Immigration Documents. AB 2732 would have subjected to penalties employers that destroy or withhold passports or other immigration documents, and required all employers to provide a “Worker’s Bill of Rights” (to be developed by the DIR) to all employees. AB 2732 also would have made various changes to the Property Service Worker Protection Act, contingent upon this bill’s and AB 2079’s passing. In a lesson to narrowly tailor bills, Governor Brown found the “provision of this bill that prohibits employers from withholding immigration documents from workers is very appropriate,” but still struck down this entire bill due to its “burdensome and unwarranted” mandate that all employers, even those having nothing to do with labor trafficking, provide the “Worker’s Bill of Rights’ to every employee in California. “This goes too far.”

Lactation Accommodations. SB 937 would have required employers to (1) provide a lactation room with prescribed features and access to a sink and refrigerator (or another cooling device suitable for storing milk) in close proximity to the employee’s workspace, (2) develop and distribute to employees a lactation accommodation policy, and (3) maintain accommodation request records for three years and allow the employee and Labor Commissioner access to the records. SB 937 would have also deemed the denial of time or space for lactation a failure to provide a rest period under Labor Code section 226.7, and required the DLSE to create a model lactation policy and a model lactation accommodation request form. Having signed AB 1976 to further “the state’s ongoing effort to support working mothers and their families,” Governor Brown vetoed this bill as not necessary.

Property Service Worker Protection Act Amendments. Governor Brown vetoed two bills (AB 2732, discussed above, and AB 2079) to amend the Property Service Worker Protection Act, which went into effect July 1, 2018 (AB 1978), and imposes requirements to combat wage theft and sexual harassment for the janitorial industry. In his veto message, the Governor urged AB 2079’s authors and sponsors to allow the Act—“the first of its kind in the country”—to be fully implemented before proposing significant changes. AB 2079 would have required (1) all employers applying for new or renewed registration to demonstrate completion of sexual harassment violence prevention requirements and provide an attestation to the Labor Commissioner, (2) the Department of Industrial Relations (DIR) to convene an advisory committee to develop requirements for, and maintain a list of, qualified organizations and peer-trainers for employers to use in providing training, and (3) employers, upon request, to provide requesting employees a copy of all training materials. AB 2079 would have also prohibited the Labor Commissioner from approving a janitorial service employer’s request for registration or for renewal if the employer had not fully satisfied a final judgment to a current or former employee for a violation of the FEHA.

Janitorial Workers Employment Classification. AB 2496 would have established a rebuttable presumption that janitorial workers who perform services for property service employers are employees, not independent contractors. Governor Brown vetoed the bill as premature, pending Legislature review of the California Supreme Court decision in in Dynamex Operations West, Inc. v. Superior Court, which recently established a new test to determine whether a worker is properly classified as an employee or independent contractor.
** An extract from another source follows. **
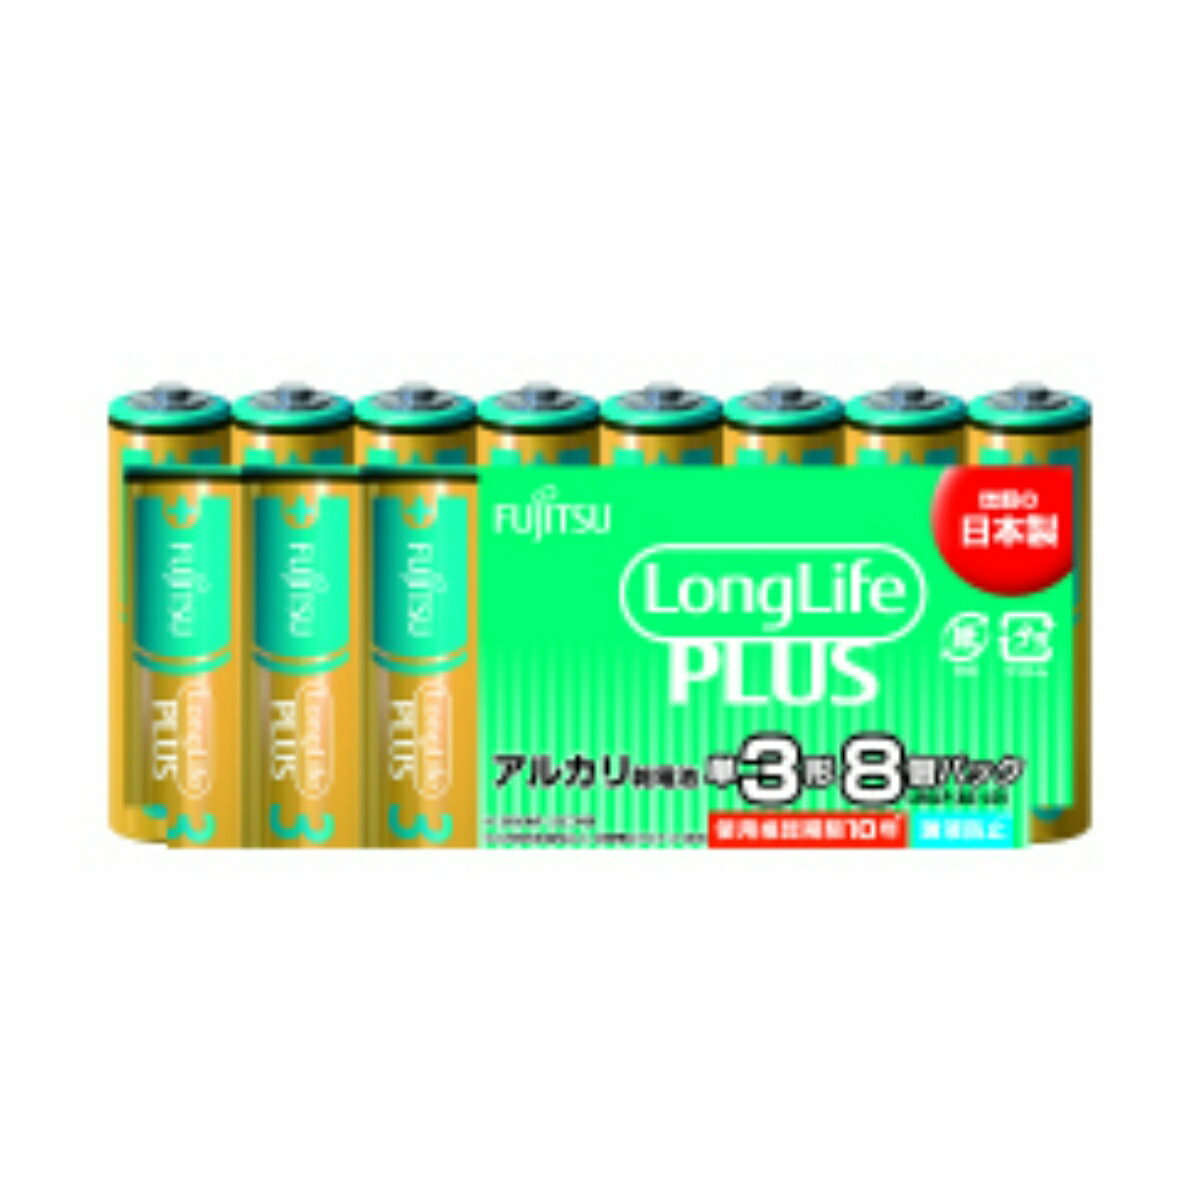 【令和・早い者勝ちセール】FDK FUJITSU Long LifePLUS ロング ライフプラス アルカリ 乾電池 LR6LP(8S) 単3形 8個パック
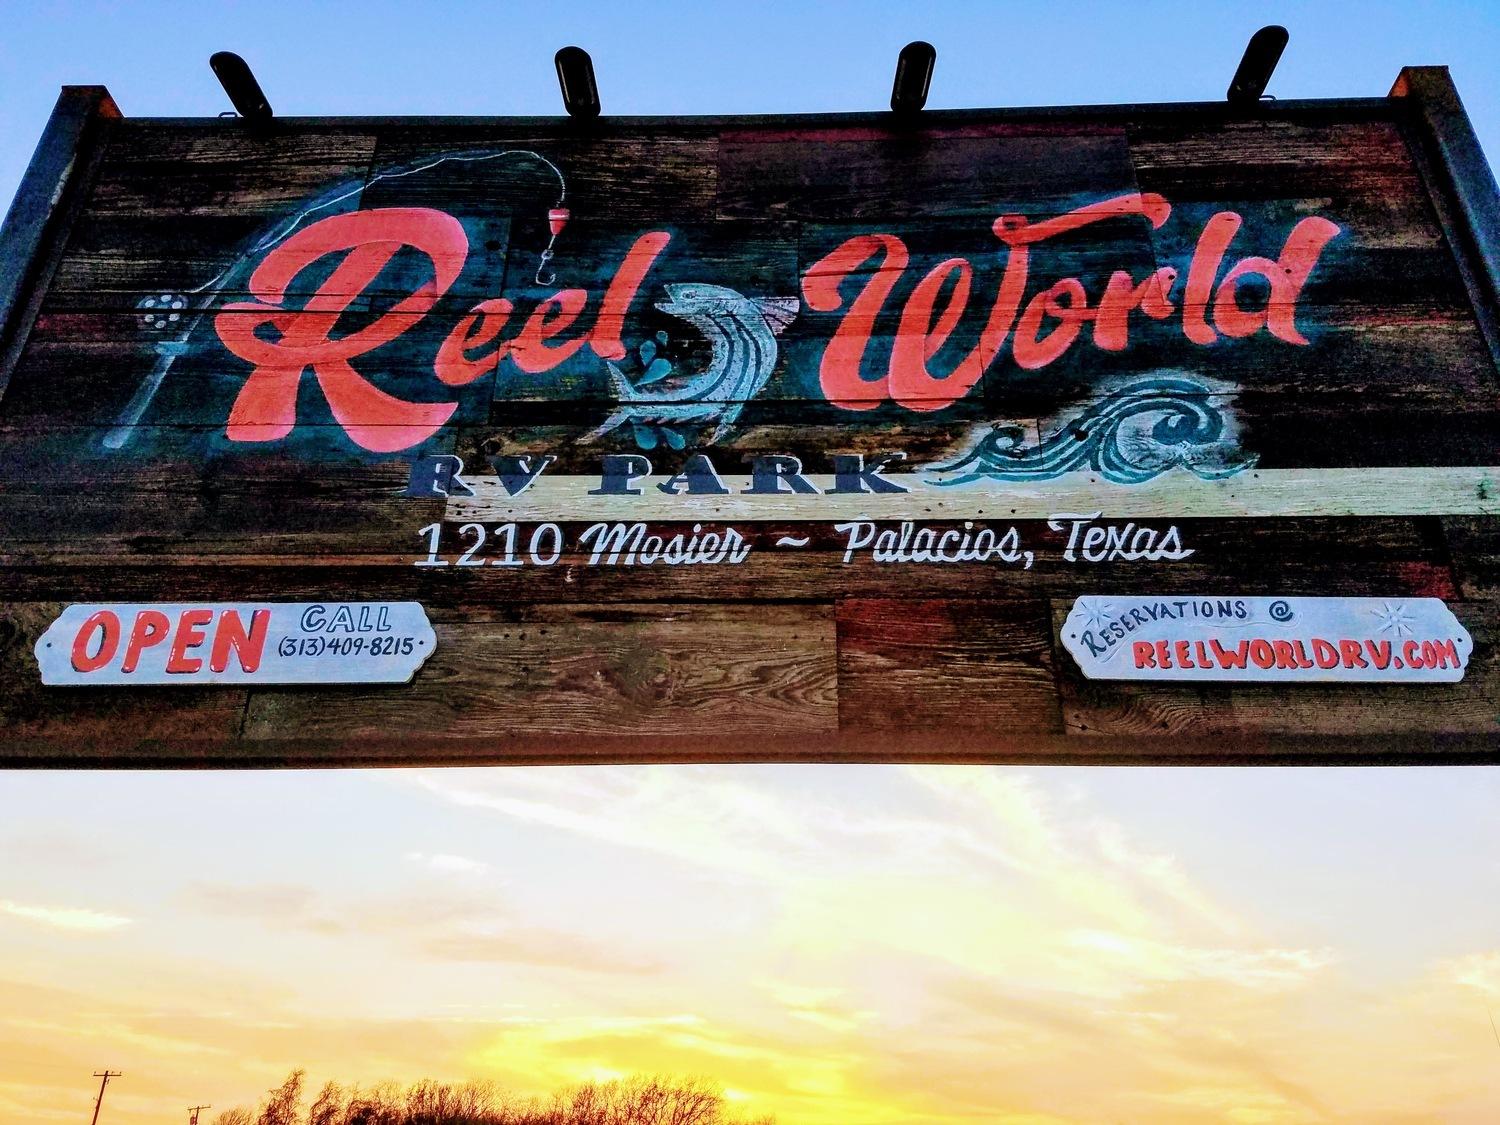 Reel World RV Park

Veterans and Military Personnel. Governor Brown vetoed SB 1427, which would have added veterans and military personnel as a protected class under the FEHA, because the bill’s other, non-employment-related provisions went “too far.”

Construction Industry Harassment and Discrimination. SB 1223 would have required the DIR to convene an advisory committee to recommend minimum standards for a harassment and discrimination prevention policy and training program specific to the construction industry, and to report to the Legislature specific implementation recommendations. Governor Brown vetoed this bill as better placed with the DFEH—responsible for enforcing the FEHA and its harassment and discrimination prevention and training requirements—not the Labor Commissioner.

FAILED TO PASS BOTH HOUSES OF THE LEGISLATURE

Personal Liability for Retaliation. SB 1038 proposed the same amendment to FEHA as SB 1300 to impose personally liability upon an employee for retaliating against a person who has filed a complaint against the employee, testified against the employee, assisted in any proceeding, or opposed any prohibited practice. As discussed, above, since SB 1038 failed, so did the same proposed amendment in SB 1300.

Hotel Panic Button. AB 1761 would have required hotel employers to provide employees with a “panic button” to call for help in case of an emergency, post a notice of these provisions in each guestroom, provided paid time off or a reasonable accommodation to an employee who is the victim of an assault, required an employer—upon the employee’s request—to contact police, prohibited employers from taking action against any employee who exercises the protections, and imposed penalties for violations of the proposed provisions.

Employers Pay Data. SB 1284 would have required private employers with 100 or more employees and required to file an EEO-1 report to submit a pay data report to the DFEH containing specified information. This bill would have also authorized fines to be imposed on employers who fail to report, authorized the DFEH to seek an order requiring the employer to comply, and require the DFEH to maintain the records for 10 years, though no individually identifiable information could be made public.

FAILED TO PASS THE HOUSE OF ORIGIN

Victims of Sexual Harassment. AB 2366 would have extended existing law that protects employees who take time off work due to being victims of domestic violence, sexual assault and stalking, to include victims of sexual harassment. This bill would have also extended job-protected leave to family members of such victims.

DLSE Time to File Extension. AB 2946 would have extended the time to file a complaint with the DLSE from six months to three years from the date of the violation and amended California’s whistleblower provision to authorize a court to award reasonable attorney’s fees to a prevailing plaintiff.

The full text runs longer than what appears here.